WHAT IS MOBILOMANIA? IS IT TELEPHILIA? ! By CAMERON DUODU
K1: Koo, how are you coping with this technological age? The smart phones, in particular, keep changing and becoming more complex! And so – inevitably – the secret services of governments everywhere want them to do all their work for them, by sitting back and tapping — into mobile phones! Apple versus the FBI on whether it is constitutional to intercept private communications; a similar row in the British House of Commons on a proposed law basically abolishing the remnants of what protection of electronic communications as the GCHQ hasn’t confiscated already; and now, guess what – the Ghana Government too wants to pass a bill that will UNCONSTITUTIONALLY empower it to listen in to the plans of the opposition parties! In election year! And it is presenting the bill as one that will make it illegal to STEAL postal packages or something! As if we didn’t have enough laws about theft in this country! (1)
K2 – But Koo, you are the world affairs nut – I thought the era of Big Brother ended with the fall of the Berlin Wall in 1989!
– Small Boy! You thought? You don’t know the ways of world governments, eh? Listen, George Orwell, who invented Big Brother, gave a list of British writers to the BBC, when he was working there, who he said were “Communist fellow travellers” whom the BBC should not allow to express their views on the air! Yet the British never stopped berating the Russians for practising thought control!3
– Hypocrisy is the name of the game, what?
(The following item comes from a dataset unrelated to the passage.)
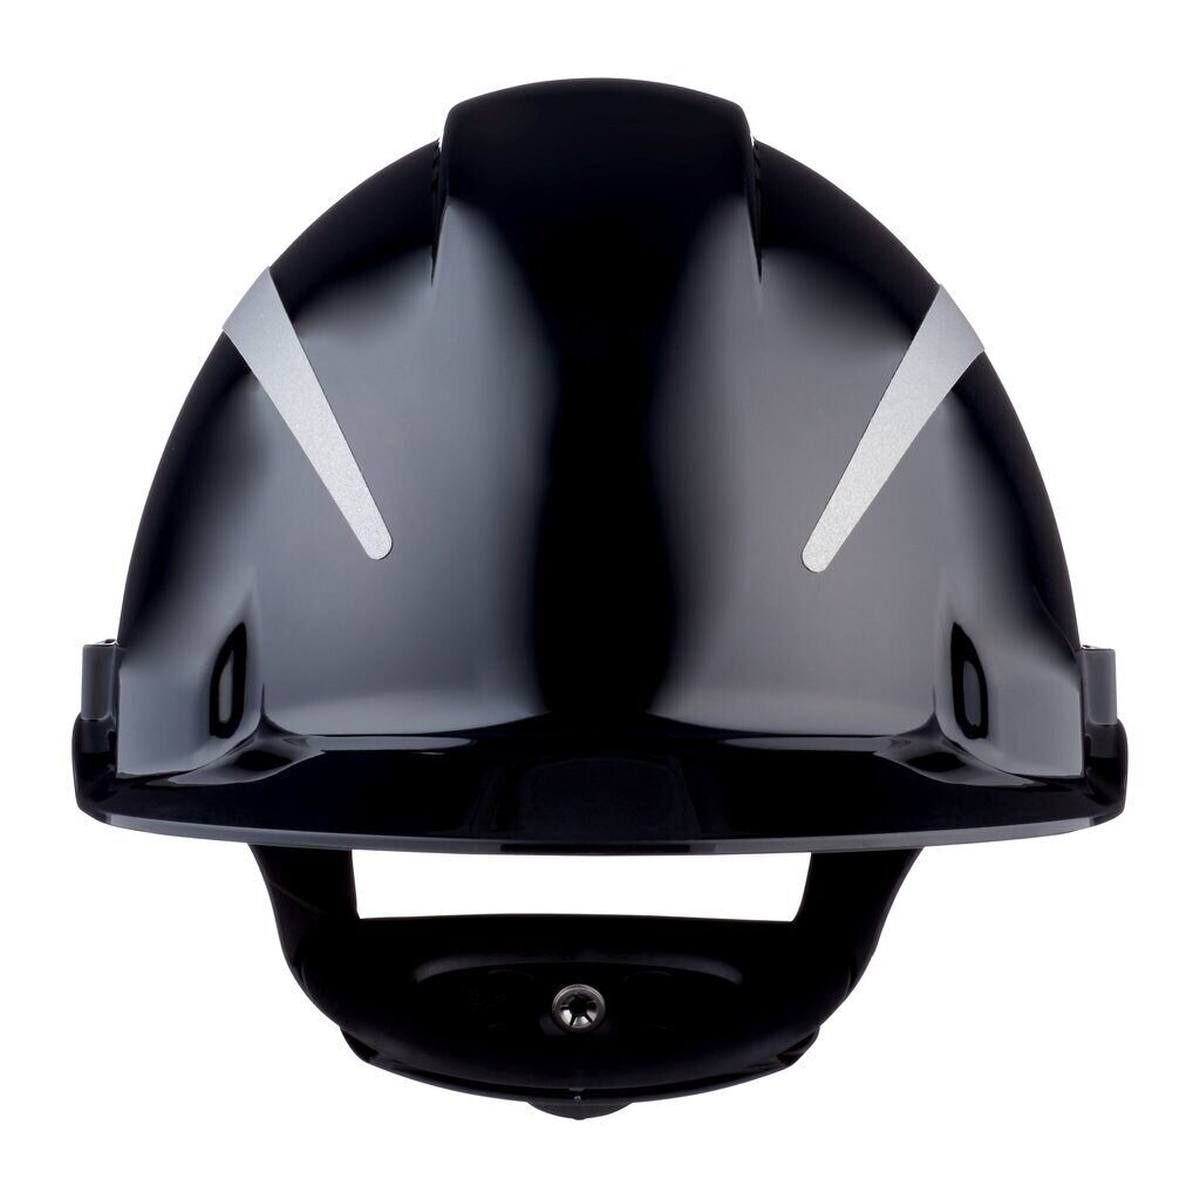 elmetto di sicurezza 3M G3000 con indicatore UV, nero, ABS, chiusura a cricchetto ventilata, fascia antisudore in plastica, adesivo riflettente

Yep! This whole technology thing irritates me to death, They are inventing all these unnecessary applications or “apps” for smart phones, yet they can’t ensure that your battery stays alive during an important conversation! One of my phones is lying around, right now, unable to boot into its applications. Another is supposed to be on a “Pay-as-you-go” tariff, but if you don’t use all your credit within a certain period, it eats up the credit and won’t even allow you to listen to ordinary voice mail. I mean – the technology is beautiful, but what is it doing to our emotions with all that in-built frustration?
– Ei, Koo, you aren’t thinking of becoming a psychiatrist?
Me? It’s I who will be needing a psychiatrist if my phones keep flabbergasting me!
Hmm! What I am worried about is that these days, philosophy and technology have become like the product of an incestuous sexual relationship. What is bad in the one is seamlessly transferred to the other! I mean – Apple talking constitutional law to the US Government! With Google somewhere on the sidelines. And Bill Gates plumbing for thought control!
Yiee! Koo? Where from all this?
You want to know? It all came to me whilst I was reading a paper on a London bus one day.
London bus? I thought the only thing to worry about when you’re on one is how not to get so comfortable in it that you’d nod off and miss your stop?
That’s possible – oh don’t I know it? One day, after a very good lunch in a Turkish restaurant, I ended up in deep, deep Balham, instead of Clapham Common!
Hahahaha! Did you suffer from disorientation when you woke up?
You bet! For a moment, I thought I was still in Notting Hill! Then I recognised a shop, got down, crossed the road to the other side, got a bus going the other way, and retraced my steps back to Clapham.
And the incident made you become philosophical?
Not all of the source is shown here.